About Me

I am a fourth-year Ph.D. student in Computer Science at Ohio State University’s Computer Vision Lab, working under the guidance of Dr. Jim Davis. My research centers on evaluating and mitigating uncertainty in multimodal deep learning models, with a particular emphasis on vision-language models.
I have developed and applied Reject Option Classification methods to enhance user confidence in unimodal n-way classification models, which established a foundation for my current focus on understanding uncertainty in multimodal vision-language modeling. Additionally, I have conducted research in Machine Translation, proposing new metrics to assess the effectiveness of multimodal translation models in visual disambiguation.
I am actively seeking a research internship to leverage my interdisciplinary skills in a practical setting, aiming to contribute to innovative AI projects while expanding my research expertise.
I hold a B.S. in Computer Science from Ohio State University with a minor in Mathematics, which has provided a strong foundation in theoretical and applied computer science, driving my research and future aspirations in the field.
Resume
Experience
Graduate Research Associate
Dept. of Computer Science and Engineering, Ohio State University
2021 - Present
Graduate Teaching Associate
Dept. of Computer Science and Engineering, Ohio State University
2023 - 2024
Research Intern
Air Force Research Laboratory, Wright State University / University of Dayton
2020 - 2024
Undergraduate Research Associate
Dept. of Computer Science and Engineering, Ohio State University
2020 - 2021
Summer Research Intern
Sii Canada, Concordia University
2019
Undergraduate Teaching Associate
Dept. of Computer Science and Engineering, Ohio State University
2018 - 2019
Publications
Here are some of my recent publications:
Learning When to Say “I Don’t Know”
N. Kashani Motlagh, J. Davis, T. Anderson, and J. Gwinnup
International Symposium on Visual Computing, October 2022.
[Best Paper Award]
Abstract: We propose a new Reject Option Classification technique to identify and remove regions of uncertainty in the decision space for a given neural classifier and dataset. Such existing formulations employ a learned rejection (remove)/selection (keep) function and require either a known cost for rejecting examples or strong constraints on the accuracy or coverage of the selected examples. We consider an alternative formulation by instead analyzing the complementary reject region and employing a validation set to learn per-class softmax thresholds. The goal is to maximize the accuracy of the selected examples subject to a natural randomness allowance on the rejected examples (rejecting more incorrect than correct predictions). We provide results showing the benefits of the proposed method over naïvely thresholding calibrated/uncalibrated softmax scores with 2-D points, imagery, and text classification datasets using state-of-the-art pretrained models. Source code is available at this https URL.
A Framework for Semi-automatic Collection of Temporal Satellite Imagery for Analysis of Dynamic Regions
N. Kashani Motlagh, A. Radhakrishnan, J. Davis, and R. Ilin
Learning to Understand Aerial Images (ICCV Workshop), October 2021.

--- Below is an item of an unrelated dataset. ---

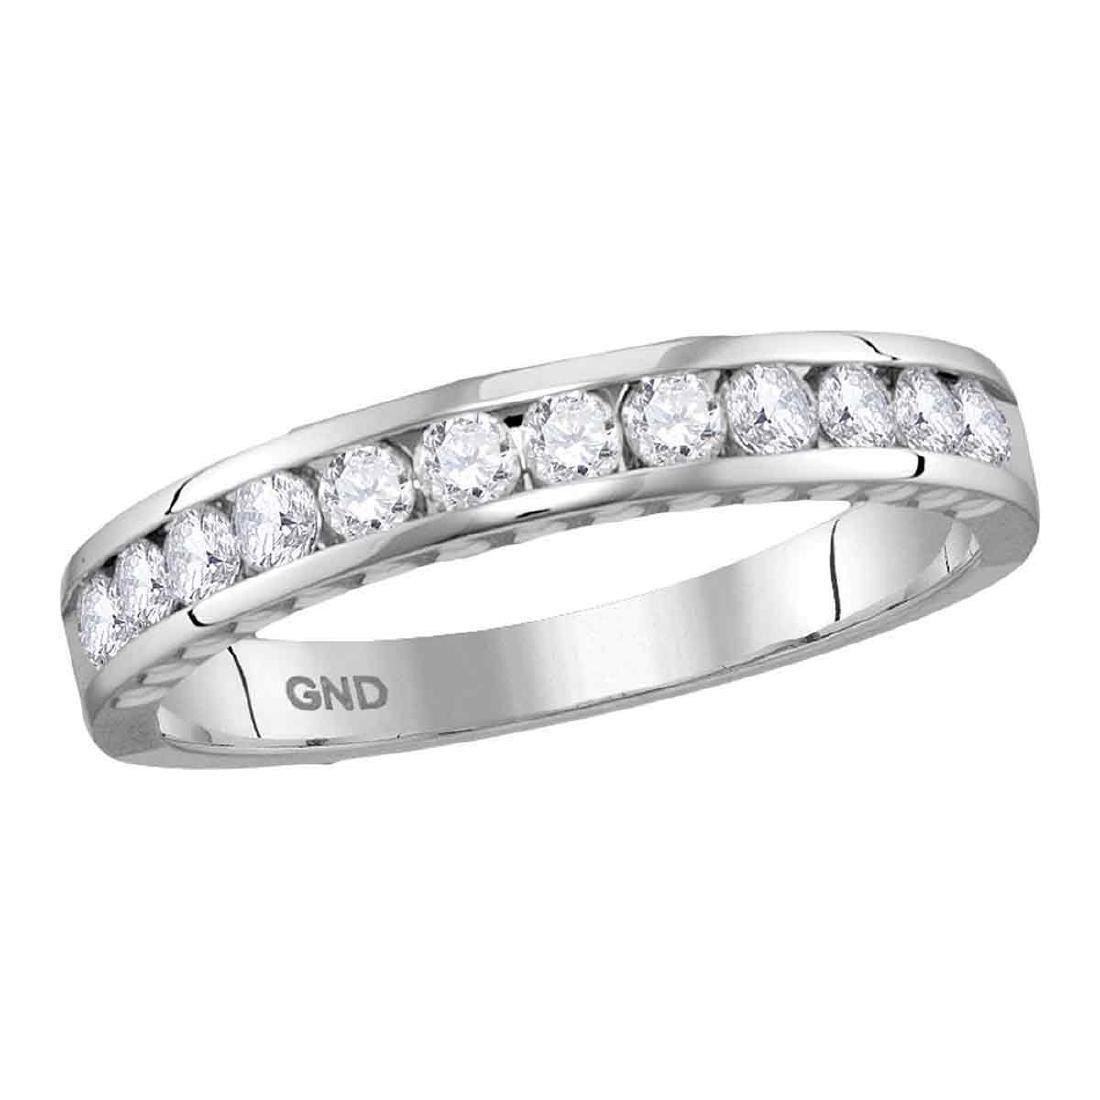 0.50 CTW Diamond Wedding Anniversary Ring 14KT White

Abstract: Analyzing natural and anthropogenic activities using re-mote sensing data has become a problem of increasing interest. However, this generally involves tediously labeling extensive imagery, perhaps on a global scale. The lack of a streamlined method to collect and label imagery over time makes it challenging to tackle these problems using popular, supervised deep learning approaches. We address this need by presenting a framework to semi-automatically collect and label dynamic regions in satellite imagery using crowd-sourced OpenStreetMap data and available satellite imagery resources. The generated labels can be quickly verified to ease the burden of full manual labeling. We leverage this framework for the ability to gather image sequences of areas that have label reclassification over time. One possible application of our framework is demonstrated to collect and classify construction vs. non-construction sites. Overall, the proposed framework can be adapted for similar change detection or classification tasks in various remote sensing applications.